Thursday, October 19, 2006

Caucasus: Stone in the Ashes

Those who love to travel in Europe should consider adding Yerevan to their itinerary. Armenia's capital is a planned city, meant as the capital of the new republic after the genocide, is almost like the average of a European city, as if the distinctive highlights of each were removed, leaving only a wealth of cafes, museums, and pigeons. The heart of the city is the huge opera house, where you can see performances for under $5. To its north is the Cascade, gorgeous when lit up at night, leading up to a monument of the 50th anniversary of Soviet Armenia. On the other side is a vast park filled with cafes and bars open until the wee hours of the morning and where the beverage known in the rest of the world as Turkish coffee is called anything but, as well as a large fountain-pond with benches.

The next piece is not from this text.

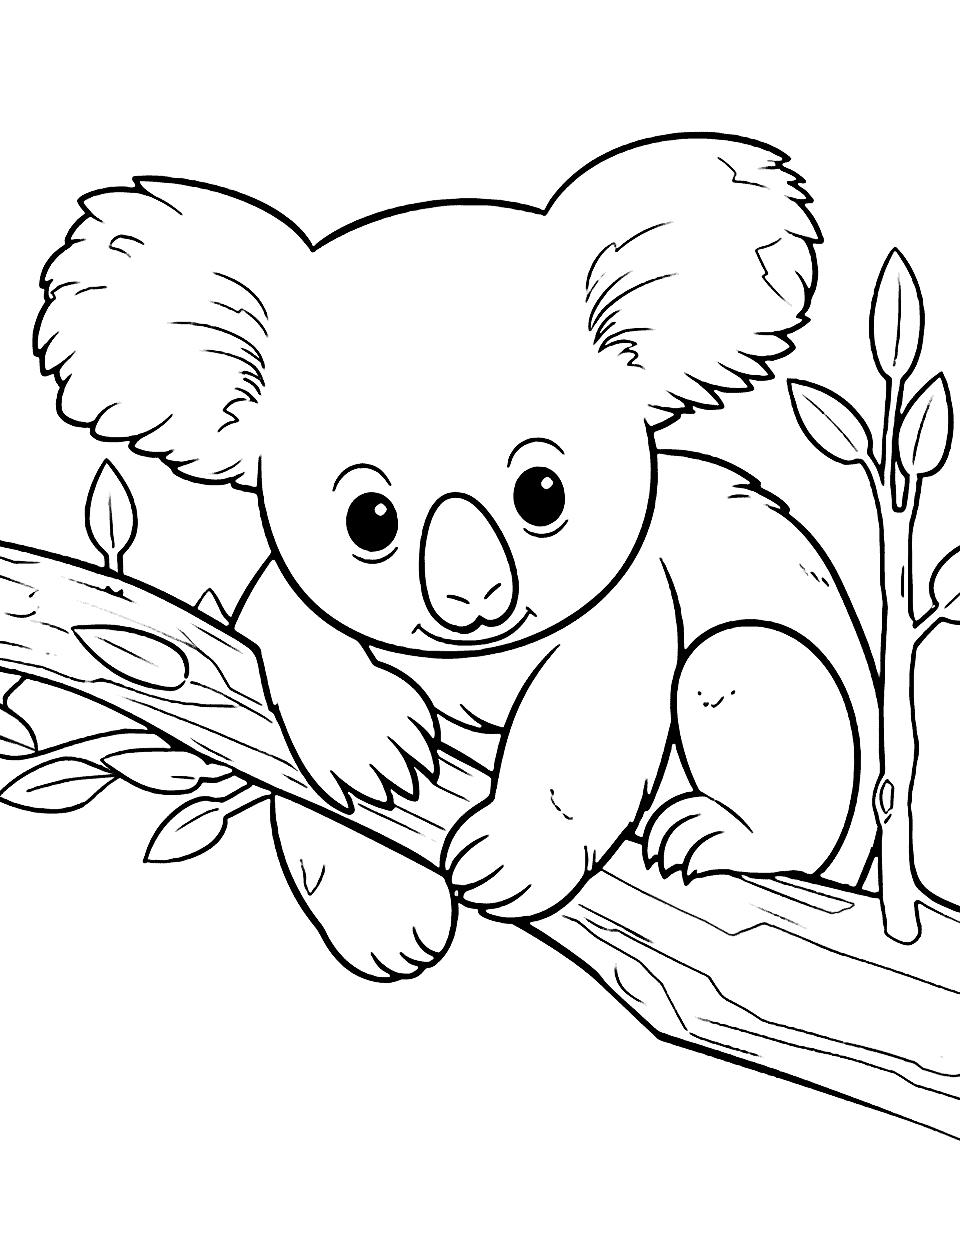 Koala Sleeping on a Tree Cute Coloring Page - A cute koala cuddled up and sleeping on a eucalyptus tree branch.

Both here and other areas around the city, about 20% of the people you see are making out, but unlike in Georgia, they are making out with other people rather than religious objects; Armenian spirituality, while probably as deep as Georgian, is not as physically demonstrative. In fact, when not locked in passionate embraces with each other, Armenians seem to be easily the most subdued people in the region. This is not to say they are unfriendly, however, for they have much the same sense of hospitality as the Georgians and Azeris, they simply don't talk as much, and when they do, the tone is much less loud and jovial.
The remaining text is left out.